Kampar hero dies

30 Apr 2014 / 21:14 H.

KUALA LUMPUR: Chye Kooi Loong (pix), world-renowned authority on the Battle of Kampar which saw the Japanese suffer their biggest defeat in their Malayan campaign during World War 11, died in Ipoh on April 23.
Chye, 85, who spoke internationally on the battle between the British and Japanese forces from Dec 30, 1941 to Jan 2, 1942, is survived by his wife, Yoon Lai Fun, and two sons.
He was an indefatigable champion for the preservation of the historical battlefield site "Green Ridge", working over the past 32 years to get it gazetted as a heritage site and war monument.
However, he was unsuccessful in doing so to protect the site from future development.
He did , however, manage to erect a plaque in memory of the British Battalion at St Michael's Institution in 2012 after years of objection from the school board.
Chye was 12 when the retreating British-led forces arrived at Kampar in order to make a stand against the advancing Japanese forces.
Nearly 1,300 British Empire soldiers are said to have successfully battled 4,000 Japanese soldiers in what is believed to be the only serious defeat of the Japanese army in its Malayan campaign.
The young boy quickly befriended soldiers of the British Battalion which had been formed at St Michael's Institution, Ipoh, on Dec 20, 1941 by amalgamating the remnants of the 1st Battalion, Leicester Regiment and the 2nd Battalion, East Surrey Regiment.
The soldiers called him "Joe" and before they left for the Battle of Kampar, they gave him four brass buttons and two regimental badges with the parting words: "Remember us Joe".
Those words forever haunted Chye.
As he approached retirement, he spent seven years researching on the Battle of Kampar and the men who had fought in it.
His research on the valour of the British Battalion, the 1st (Perak) Battalion of the Federated Malay States Volunteer Force, the Indian Army Brigades and the commando unit known as Roseforce, all went into his magnum opus, "The British Battalion in the Malayan Campaign 1941-1942" which was first published in the United Kingdom in 1984.
The book coincided with the 300th anniversary of the founding of the Royal Leicester Regiment.
He received a letter of appreciation from the late Baroness Margaret Thatcher, who was then the Prime Minister, after his book was published.
On the basis of his book, Chye became recognised as an authority on the Battle of Kampar and was even invited to lecture at the Royal Military Academy Sandhurst and various military clubs and regimental associations in the United Kingdom.
He was not known to the Malaysian military establishment until he was "discovered" by a senior officer from the Malaysian Armed Forces who happened to be attending a course at Sandhurst.
After that Chye was regularly invited to give lectures at the Malaysian Royal Military College (RMC).

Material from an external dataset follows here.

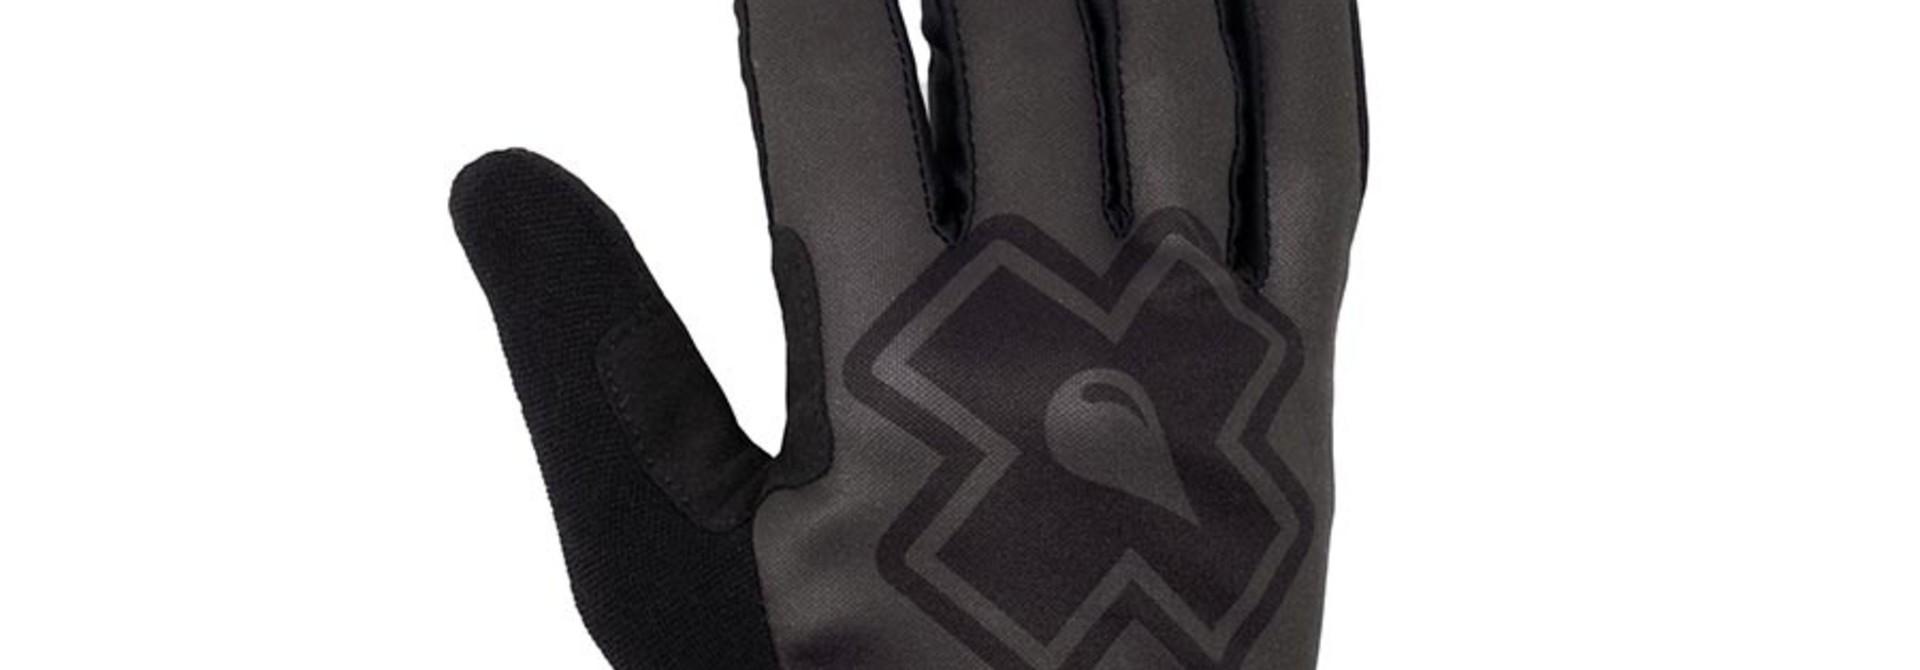 Muc-Off, MTB Ride, Full Finger Gloves, Unisex, Pair

It was at the RMC that Chye encountered a visiting Japanese army major to whom he deliberately related the horrors faced by Malayans during the war.
The officer immediately stood up, bowed deeply to Chye and unreservedly apologised for the conduct of the Imperial Japanese Army in Malaya during the war!

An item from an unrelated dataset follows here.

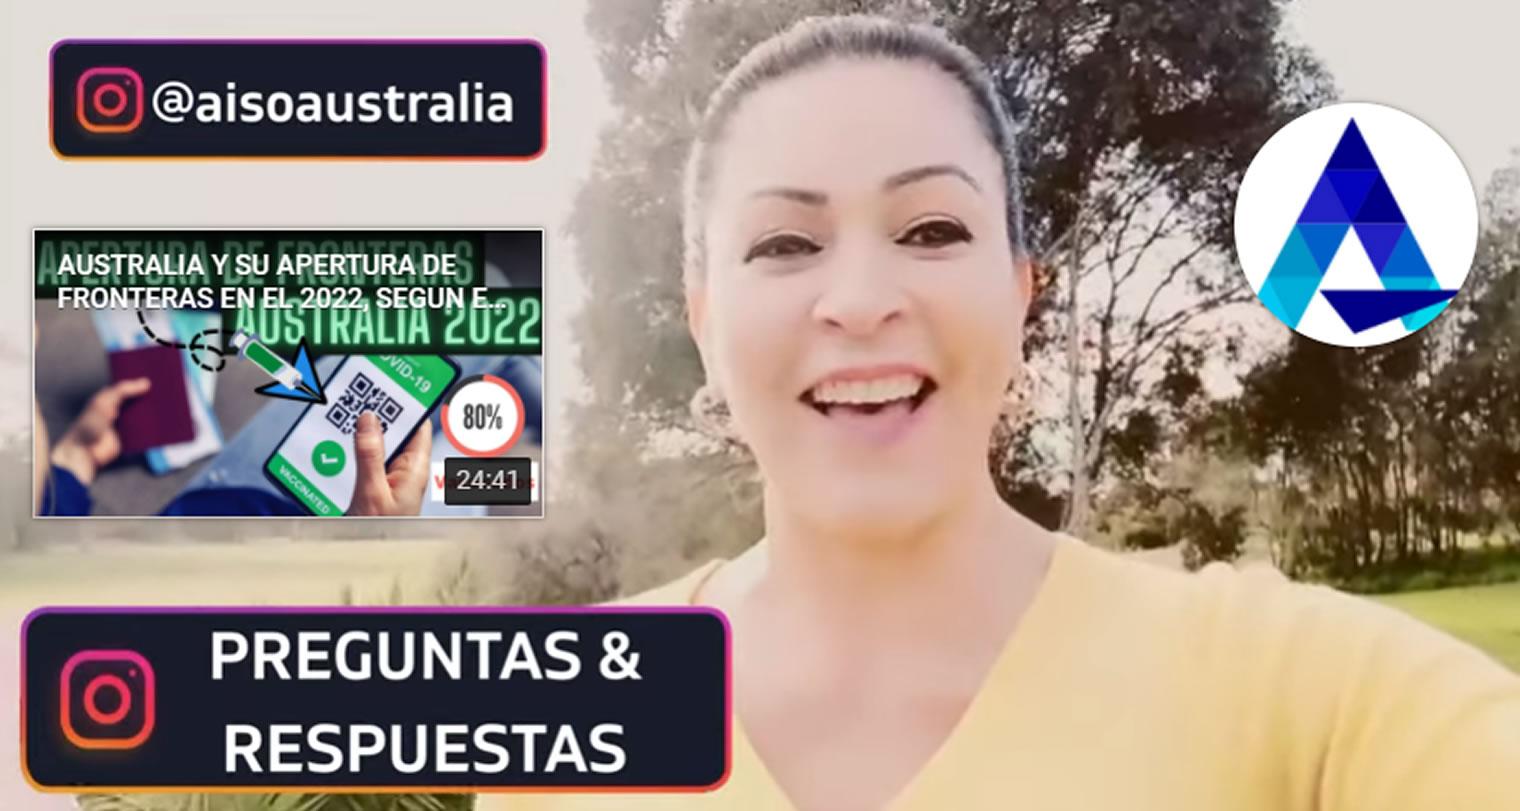 PATRICIA ISAZA INSTAGRAM LIVE AISO AUSTRALIA

Besides delivering lectures, Chye also regularly acted as a guide to visitors interested in the history of the Kampar battlefield, until he was physically unable to do so.
For his life's work and contribution to British military history, Chye and his wife were among seven Malaysian couples specially invited to meet Queen Elizabeth II and Prince Philip during their visit to Malaysia in 1998.
Chye was made an honorary member of the Most Excellent Order of the British Empire (MBE) in 2007. When he was in RELA, he caught the attention of Sultan Azlan Shah of Perak who was intrigued by all the foreign medals on his uniform and he was subsequently awarded the Paduka Mahkota Perak (PMP) in 2004.
Chye, who represented Perak in athletics, qualified as a teacher in 1952.